Alike KEGG patway, [Reactome](https://reactome.org/) is a free,
open-source, curated and peer-reviewed pathway database. The
Bioconductor `r BiocStyle::Biocpkg("reactome.db")` package provides
access to reactome maps and annotations within R.


### Molecular Signatures Database (MSigDB)

MSigDB is a collection of annotated gene sets for use with GSEA
software. The MSigDB gene sets are divided into 9 collections:

- Hallmark gene sets (H) are coherently expressed signatures derived
  by aggregating many MSigDB gene sets to represent well-defined
  biological states or processes.
- Positional gene sets (C1) for each human chromosome and cytogenetic band.
- Curated gene sets (C2) from online pathway databases, publications
  in PubMed, and knowledge of domain experts.
- Regulatory target gene sets (C3) based on gene target predictions
  for microRNA seed sequences and predicted transcription factor
  binding sites.
- Computational gene sets (C4) defined by mining large collections of
  cancer-oriented microarray data.
- Ontology gene sets (C5) consist of genes annotated by the same
  ontology term.
- Oncogenic signature gene (C6) sets defined directly from microarray
  gene expression data from cancer gene perturbations.
- Immunologic signature gene sets (C7) defined directly from
  microarray gene expression data from immunologic studies.
- Cell type signature gene sets (C8) curated from cluster markers
  identified in single-cell sequencing studies of human tissue.

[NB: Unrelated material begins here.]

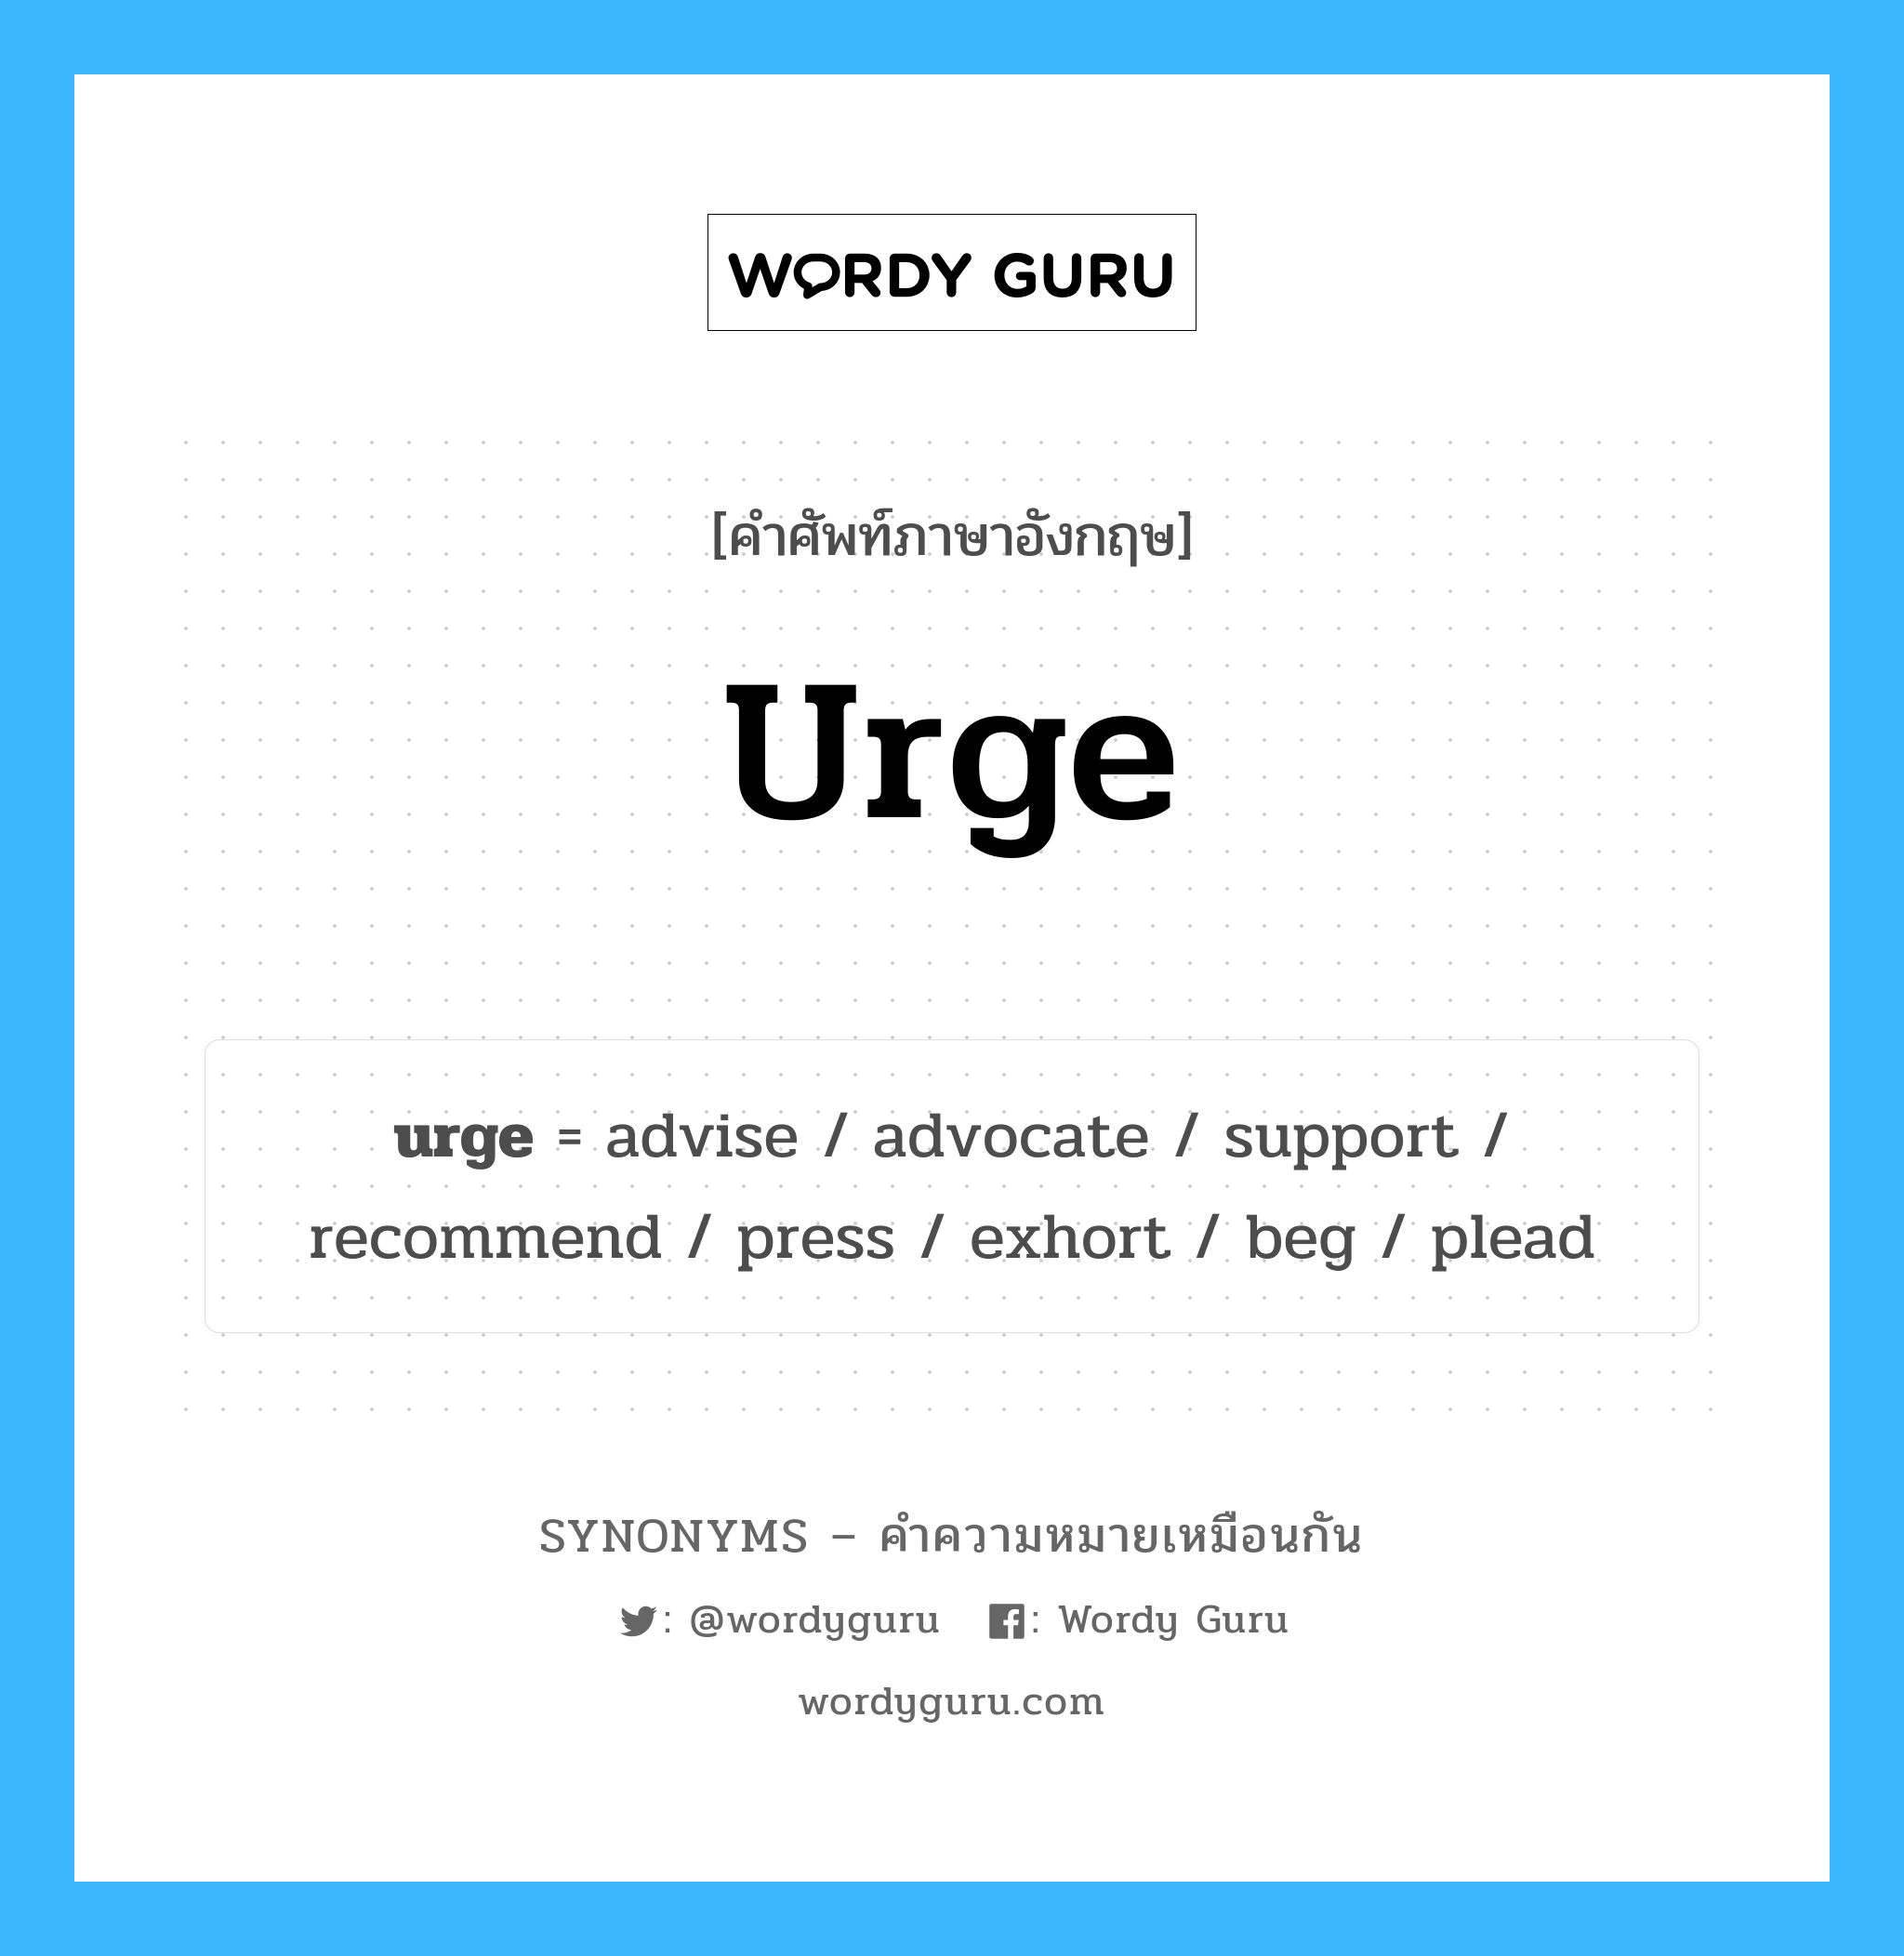 recommend เป็นหนึ่งใน urge และมีคำอื่น ๆ อีกดังนี้, คำศัพท์ภาษาอังกฤษ recommend ความหมายคล้ายกันกับ urge แปลว่า แนะนำ หมวด urge

The `r BiocStyle::CRANpkg("msigdbr")` CRAN package provides the MSigDB
gene sets in a standard R data frame with key-value pairs.

### Input data

To illustrate enrichment analyses, we will use the DESeq2 results
stored in the `res_tbl` variable, computed in the previous
chapter.

We will focus on the genes that have an adjusted p-value (those that
have been tested) and that have unique ENTREZ gene identifiers.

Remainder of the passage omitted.